Illustration of a directed brain network.
by Barry Van Veen
One of the scientific frontiers of our time is understanding the human brain. The U.S. National Academy of Engineering declared reverse engineering the brain to be an engineering grand challenge. U.S. President Barak Obama recently inaugurated the BRAIN initiative to "revolutionize our understanding of the human mind." Similar initiatives are being pursued by governments and research institutes around the world.
Signal Processing and Brain Research
The role of signal processing in unraveling the secrets of the human brain is worthy of a long series of articles. In summary, signal processing is foundational for any use of imaging technology - EEG, MEG, MRI, fMRI, PET, etc. Hypotheses about brain function are tested by analysis of data. Signal processing is essential for filtering, artifact rejection, estimation of models, and development of methods for hypotheses testing. The datasets are often very large, involving hundreds of subjects evaluated under multiple conditions and many thousands of voxels and/or time samples.

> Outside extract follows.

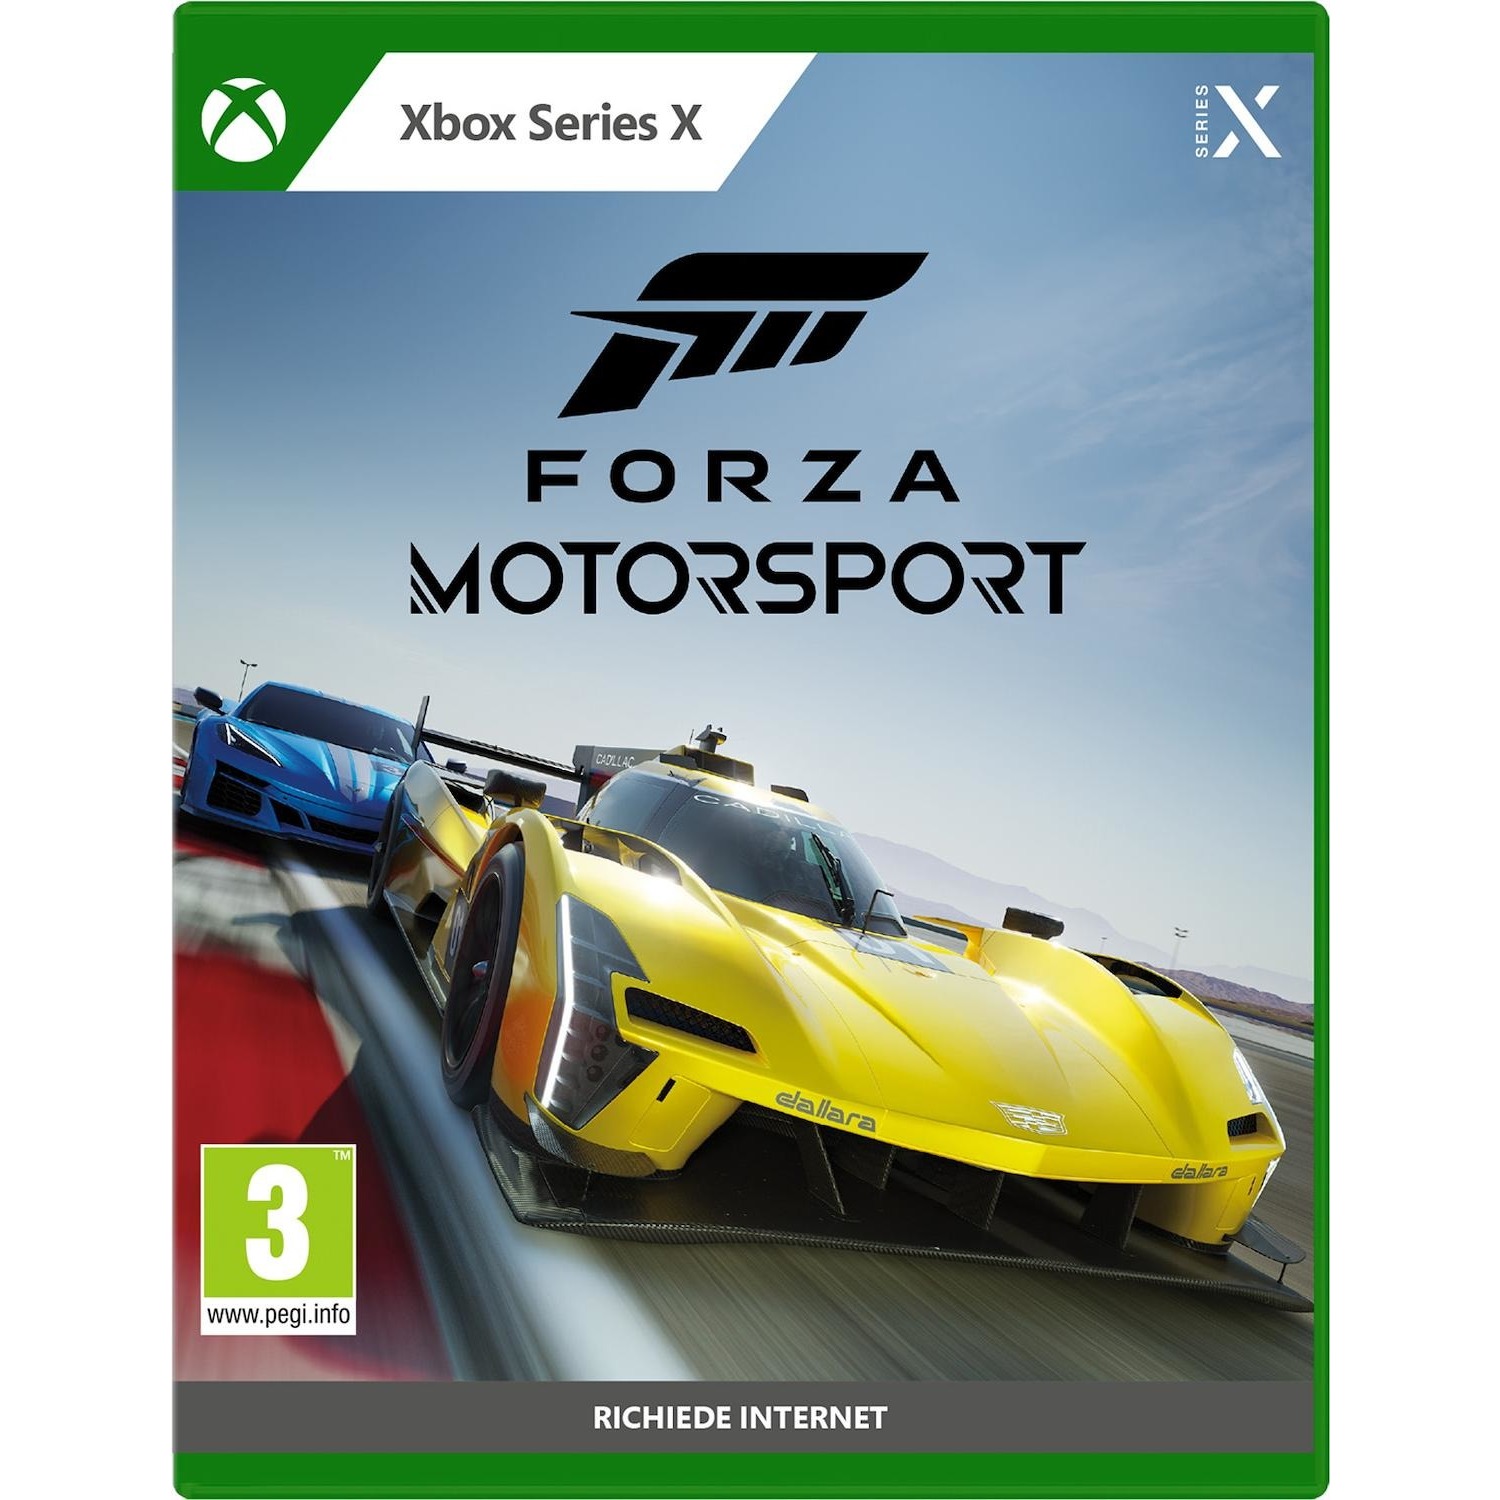 Immagine per Gioco XBOX Series X Forza Motorsport da DIMOStore

Brain Network Models and High Throughput Computing
Yesterday (October 17) I participated in a panel discussion on Big Data and the Brain at the Wisconsin Science Festival, held at the Wisconsin Institute for Discovery. The topic was on how high-throughput computing is transforming brain research. My fellow panelists included Barbara Bendlin from the UW Department of Medicine and Mike Koenigs from the UW Psychiatry Department. Prof. Bendlin discussed her use of high throughput computing to study changes in neural connectivity associated with Alzheimer's disease across large populations of subjects. Prof. Koenigs reported on his use of high-throughput computing to study of the functional connectivity in inmates with psychopathy. I shared on my research developing signal-processing algorithms for identifying directed network models of electrical brain activity and how high-throughput computing enables these algorithms to be implemented in practical timeframes. We then entertained questions from the audience. I captured a screencast of my presentation during a practice run to share here, and also included a link to the entire panel presentation. It was a very broad audience, so mine is a high-level talk with little detail about algorithms. I expect to share more about the role of signal processing in brain research in the future.